While I realize there are workarounds for all these things it is unnecessarily cumbersome and arguably goes against the ES standards because we are expected to believe that a Promise in = Promise out regardless of level.

Somewhat off topic, but, if anything, in my opinion, the Router in Angular needs a complete re-write. It’s easily the worst part.
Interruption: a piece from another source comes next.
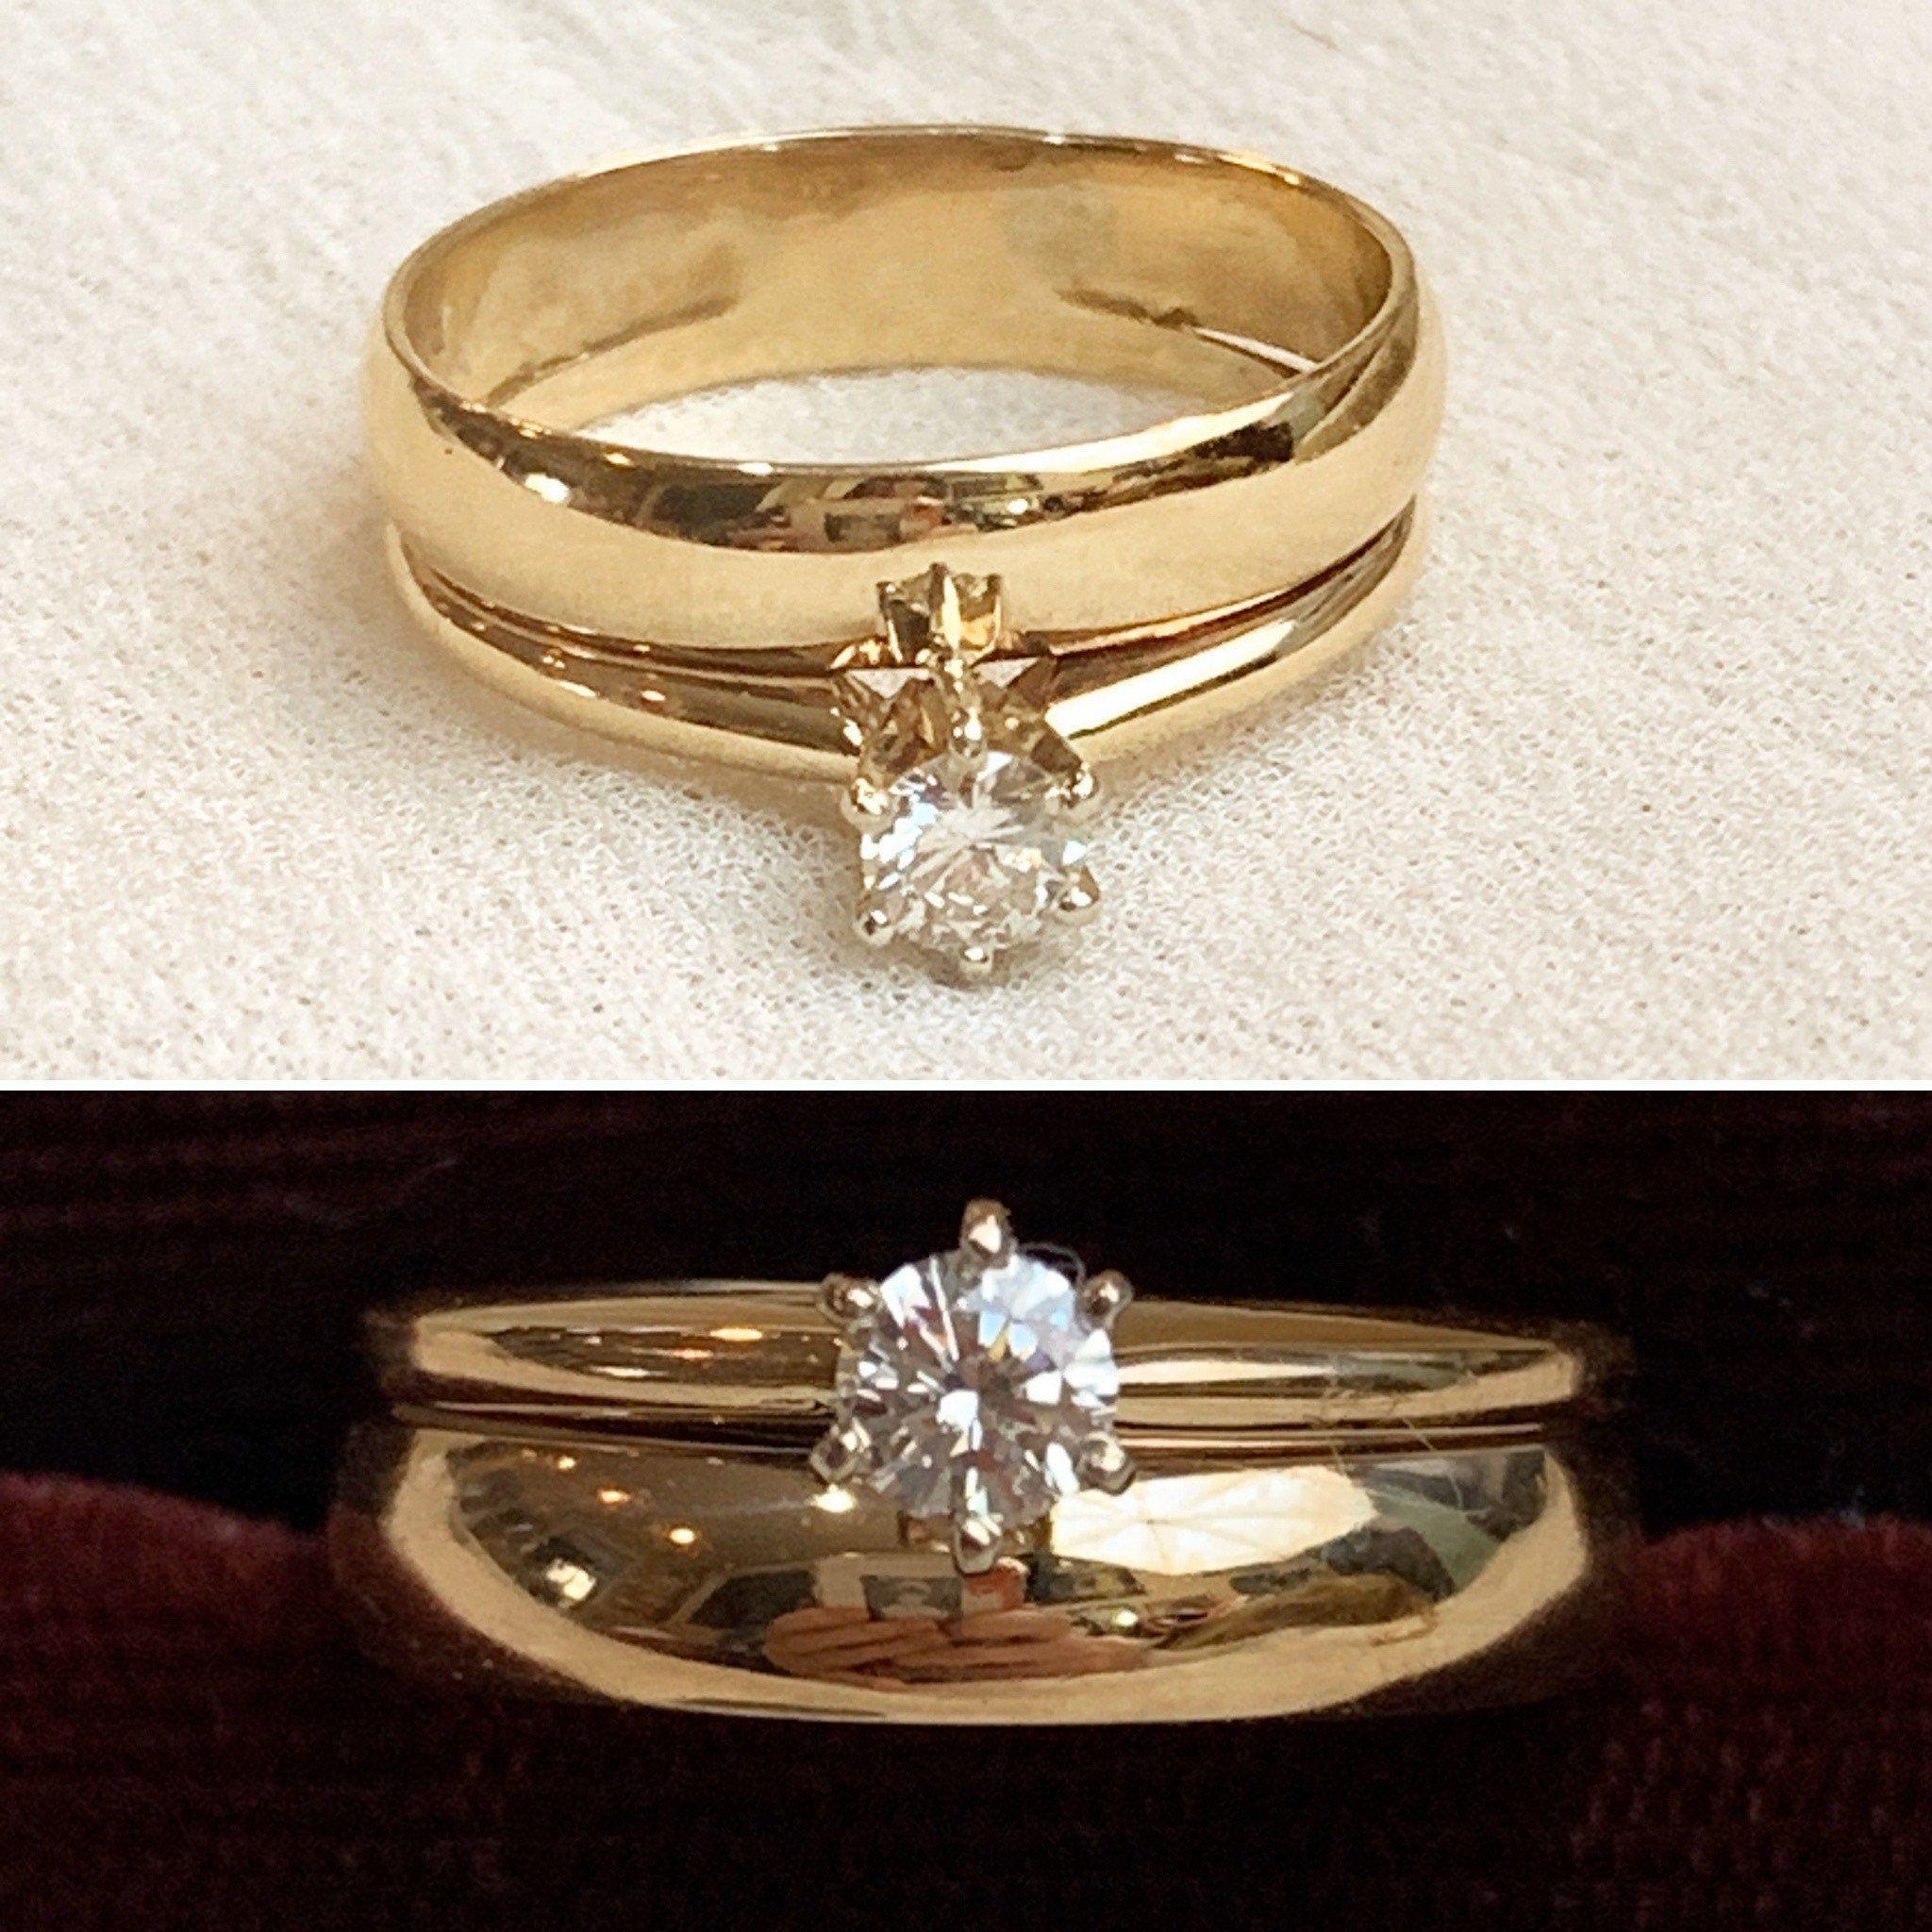 10k Plumb Gold Round Diamond Solitaire Bridal Set Vintage 10k Etsy White Gold Diamond Engagement Gold Jewelry For Sale White Gold Diamonds

I think that we can pass an error from a resolver to a component right now. See my example on stackblitz:

resolve() {
  // Simulating some error
  const mockError = {status: 404, error: 'some error message here'};
  return throwError(new HttpErrorResponse(mockError)).pipe(
    // Here you catch error and just pass it to AboutComponent
    catchError(error => of(error))
  );
}

But it would be nice if the resolver could accept some thing like this:

{
  path: '/route-path',
  component: SomeComponent,
  resolve: {
    data: {
      success: SomeResolverService,
      error: HandleErrorComponent
  }
}

or just:

{
  path: '/route-path',
  component: SomeComponent,
  errorComponent: HandleErrorComponent
  resolve: {
    data: SomeResolverService
  }
}

And if SomeResolverService fail, then user can go to /route-path, but it will see HandleErrorComponent

Same problem here using 2.4.2.

I did a “catch” in the resolve which returns an empty observable and check inside component if empty or not.